Taking a step back, I looked at him, startled. "Excuse me? Why would I want to spend New Year's Eve with a spoiled little brat like you? And why the hell should I know who you are! God what a fucking little arrogant prick!" I stormed back to my side of the elevator, sat on the floor and scowled. My famous death look. When I get mad, I usually don't yell, but I have a look that terrified everyone in its gaze. And right now, I had my sights set on the blond, who looked extremely nervous. Before he could say anything, a phone started ringing. Reaching into his coat pocket, he grabbed his cell phone.
"Hello?. . .Justin, hi. . .well, you'll never guess it but I'm still at the hotel." He pulled the phone away from his ear and a person screaming on the other line could be heard. "Justin, Justin, JUSTIN! I'm stuck in the fucking elevator, alright?. . .No, I don't know when they'll be letting us out. . .What do you want me to do? Use my special powers and teleport there?. . .God, Justin, you are such a baby! I'll be there if the elevator starts to move again. If not, then oh well!" He shut the phone off and reached for the bag. Bringing out a bottle of tequila, he took a gulp and looked at me. I sat there, glaring at him.

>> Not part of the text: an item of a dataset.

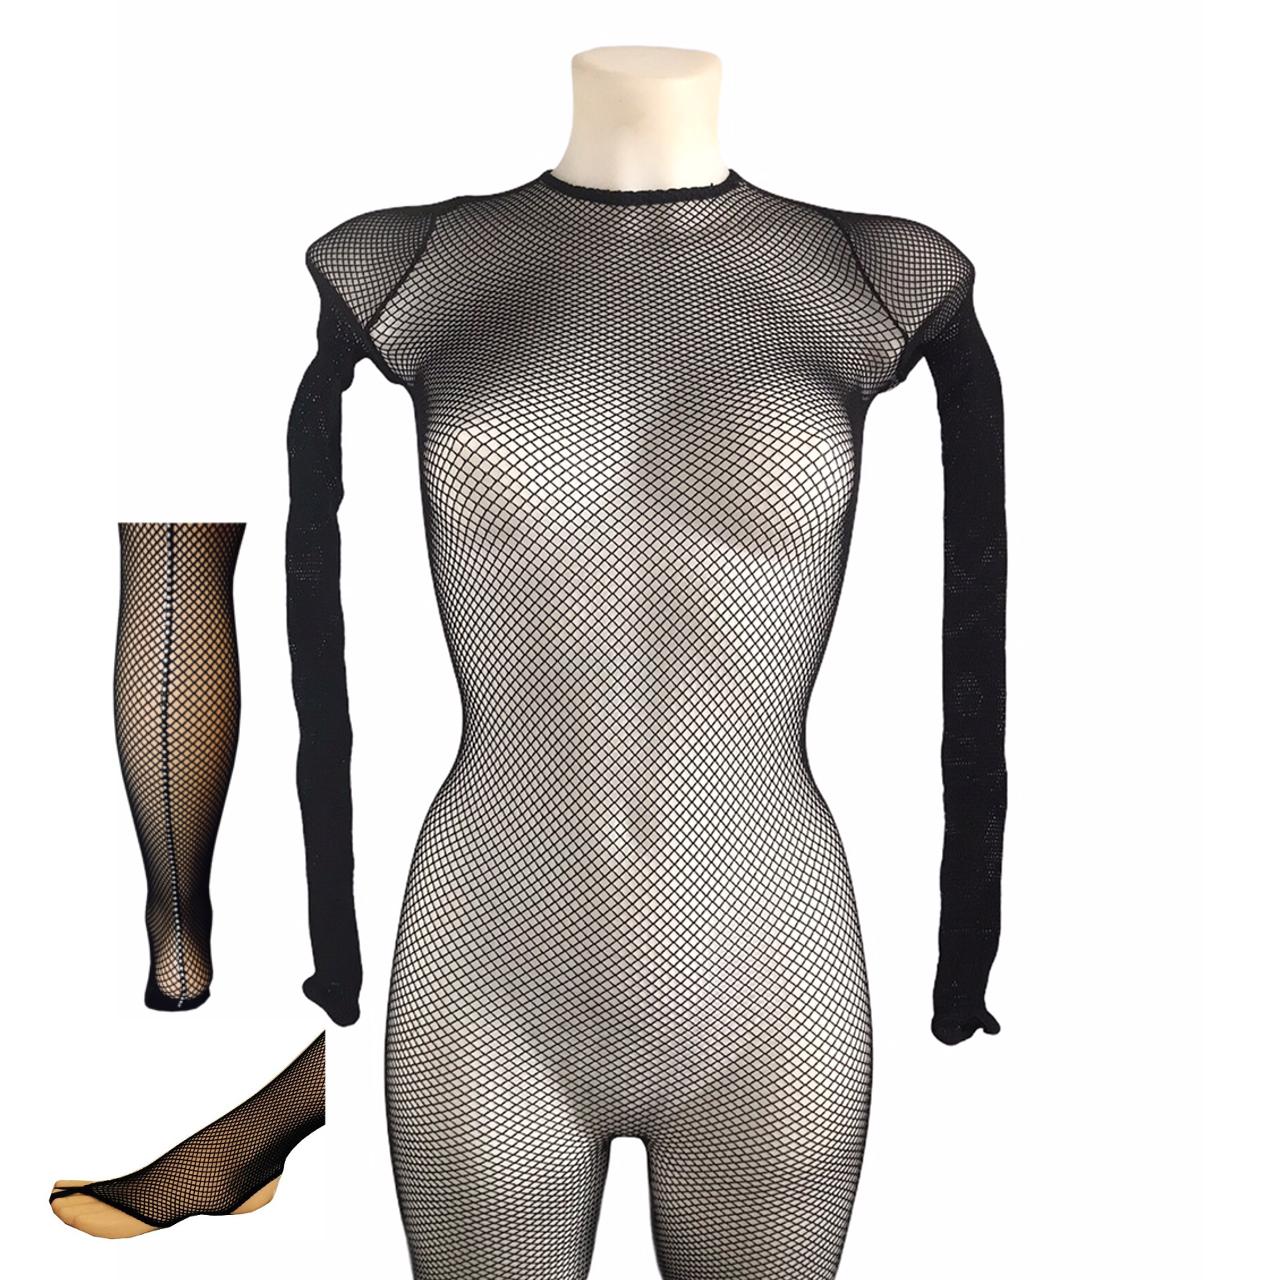 Aca 07 n academique resille noir sans pieds avec galon de strass couture professionnel danse tenue de scene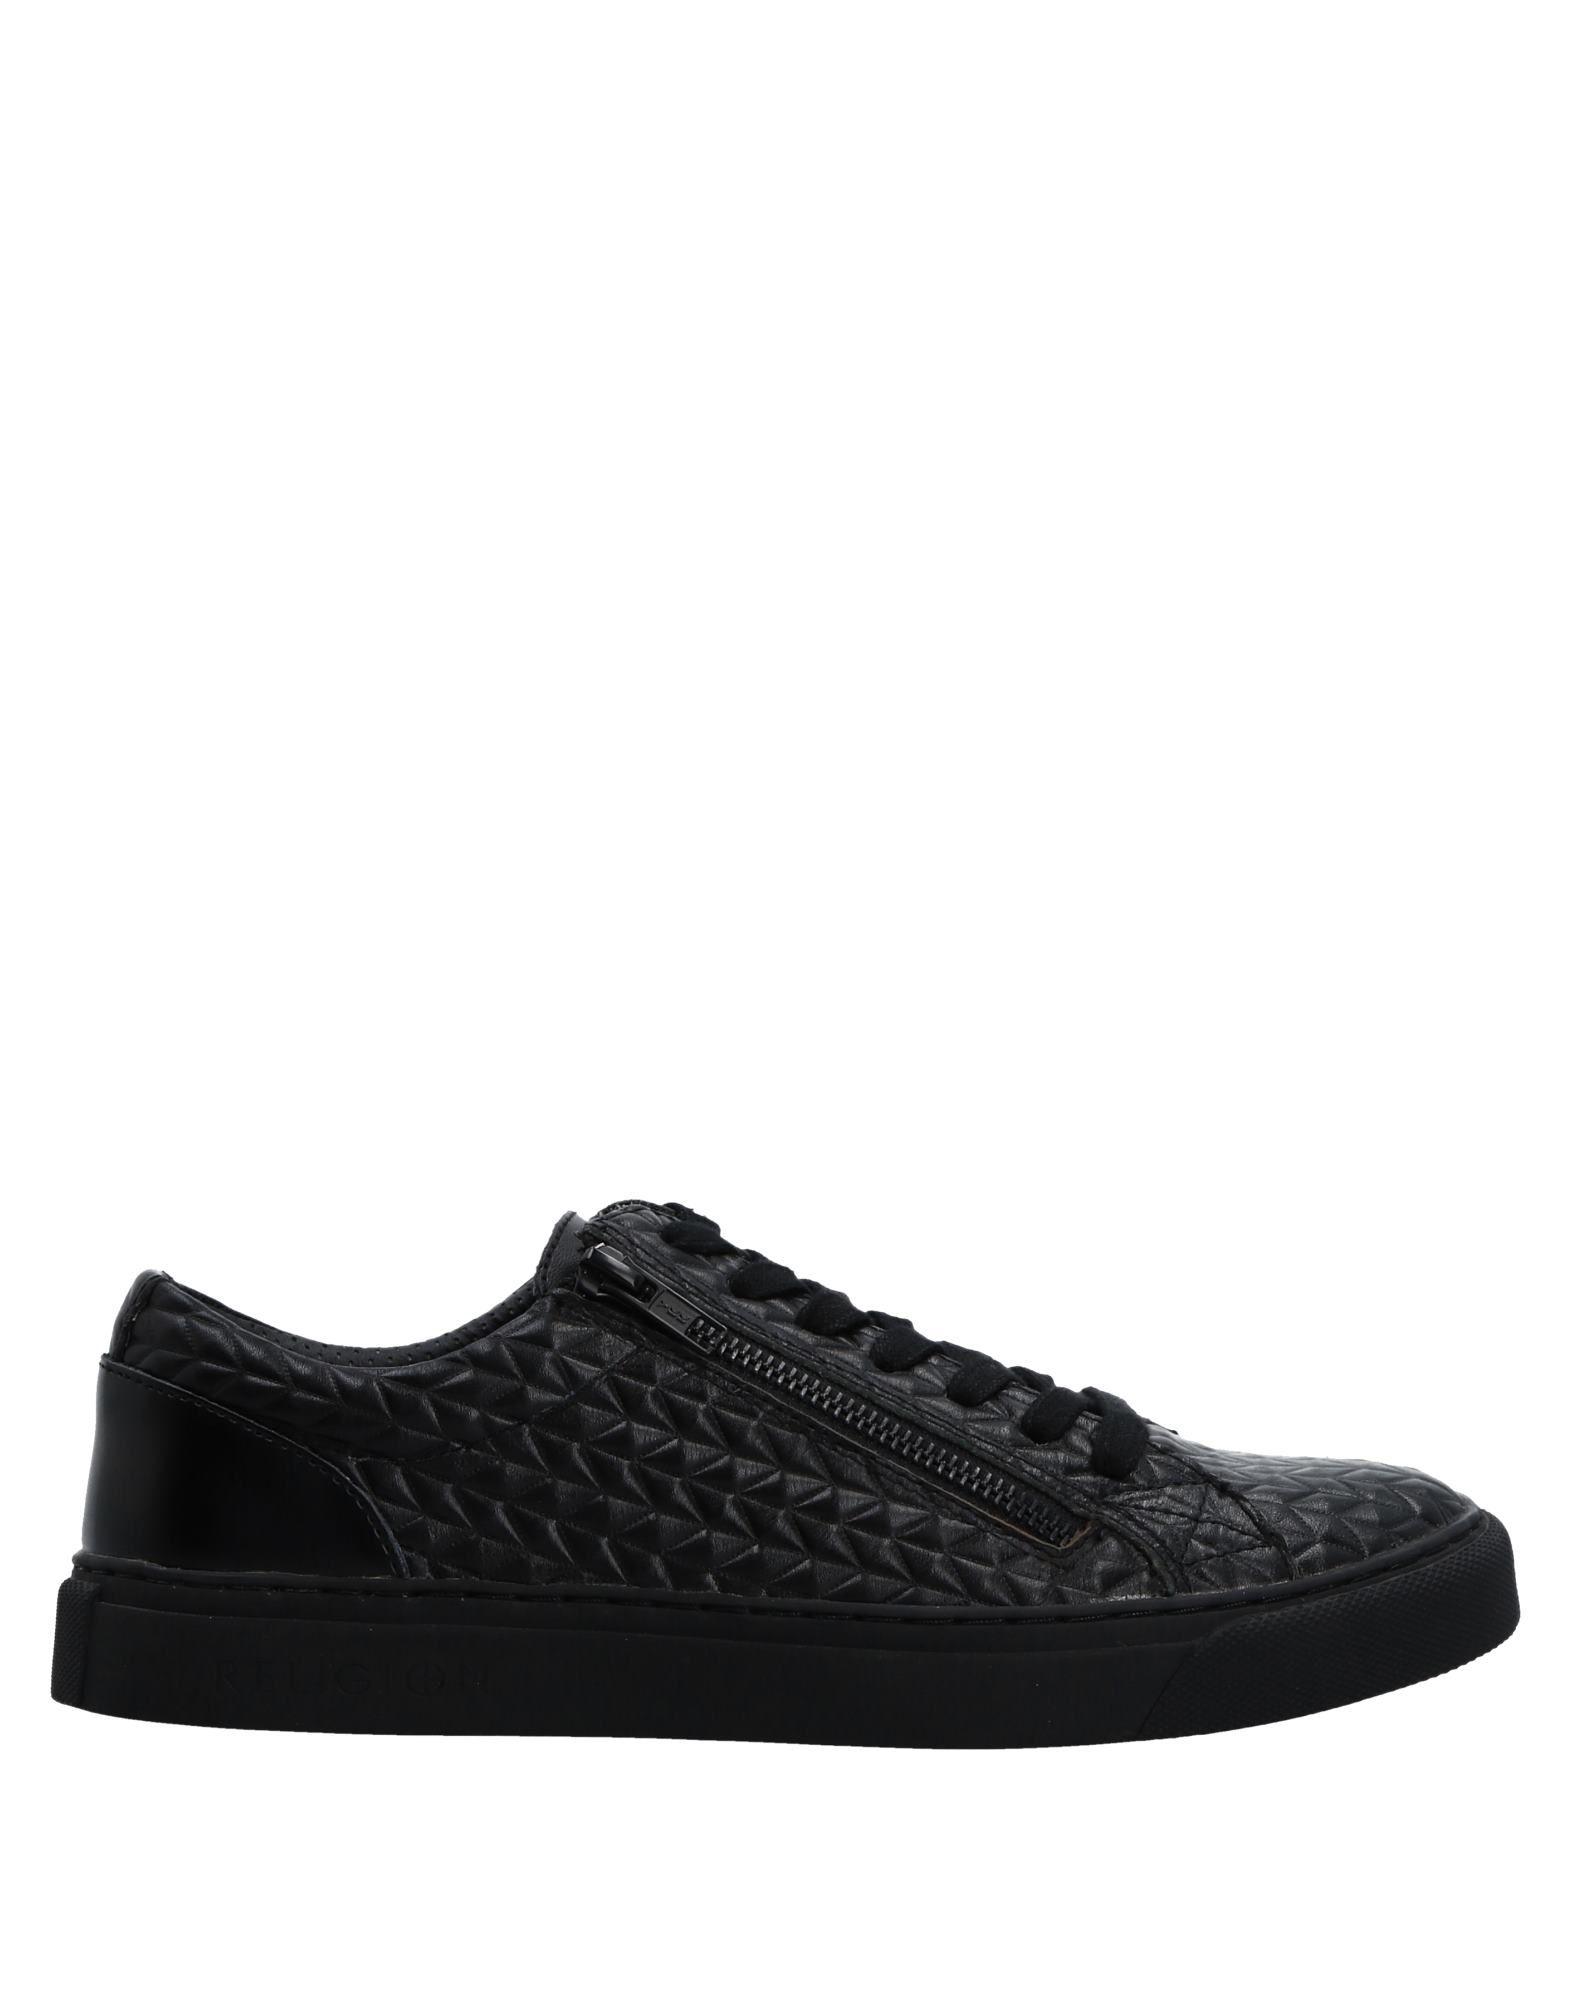 Sneakers Religion Uomo - 11529387RB Scarpe economiche e buone

I could barely hear him when he spoke. "You really don't know who I am, do you?" I gave him another irritated look. Can one man be so dense and conceited? The company I find myself in. "OK, stupid question. Sorry." He took another drink from the bottle and started to talk again. "I just thought that you knew who I was. . .I mean, you were going up to my floor and the look you gave me at first. . .but never mind." He extended his hand. "James. I'm James. Nice to meet you, Travis." I looked skeptically at his hand, but grabbed it anyway. Offering me a drink, which I declined, he spoke up again. "So, why were you in the elevator?"
"I was in a rush and didn't notice which direction the arrow was pointing. I was running late, and I wanted to get to Times Square, but I guess that's a mute point, now, right?" I looked up and noticed him smiling. Such a great smile, even though it's alcohol induced. Half the bottle was gone.
"So, you were going to the MTV party, too?" he asked.
"No, just Times Square. Is that where you were going - the MTV party?"
And so our conversation continued. As the night wore on, we chatted, talking about random less nothings about our past. I found out he was from Florida and he realized I lived in the city, just taking a vacation from reality. And James continued to get drunk. By the time he passed out, he drank three-quarters of the bottle. I smiled to myself. Once you got pass the hostile outer shell, James was a pretty decent guy. A guy who was dead to the world and in a alcoholic state of limbo.
About an hour after James passed out, the elevator started to move again. Down. I hit the three and it stopped at my floor. I don't know, there was something inside me saying it was wrong for me to leave him lying on the floor of the elevator. I picked him up and took him to my room. Opening the door with a little difficultly, I stumbled into the hotel room and dropped James onto the couch. Giving him the comforter, I got ready for bed. slipping into the bed, I glanced at my watch. 2:05a.m. Sighing to myself, I took my glasses off and started to drift into oblivion. The last thought coming to my mind was why James thought I knew him.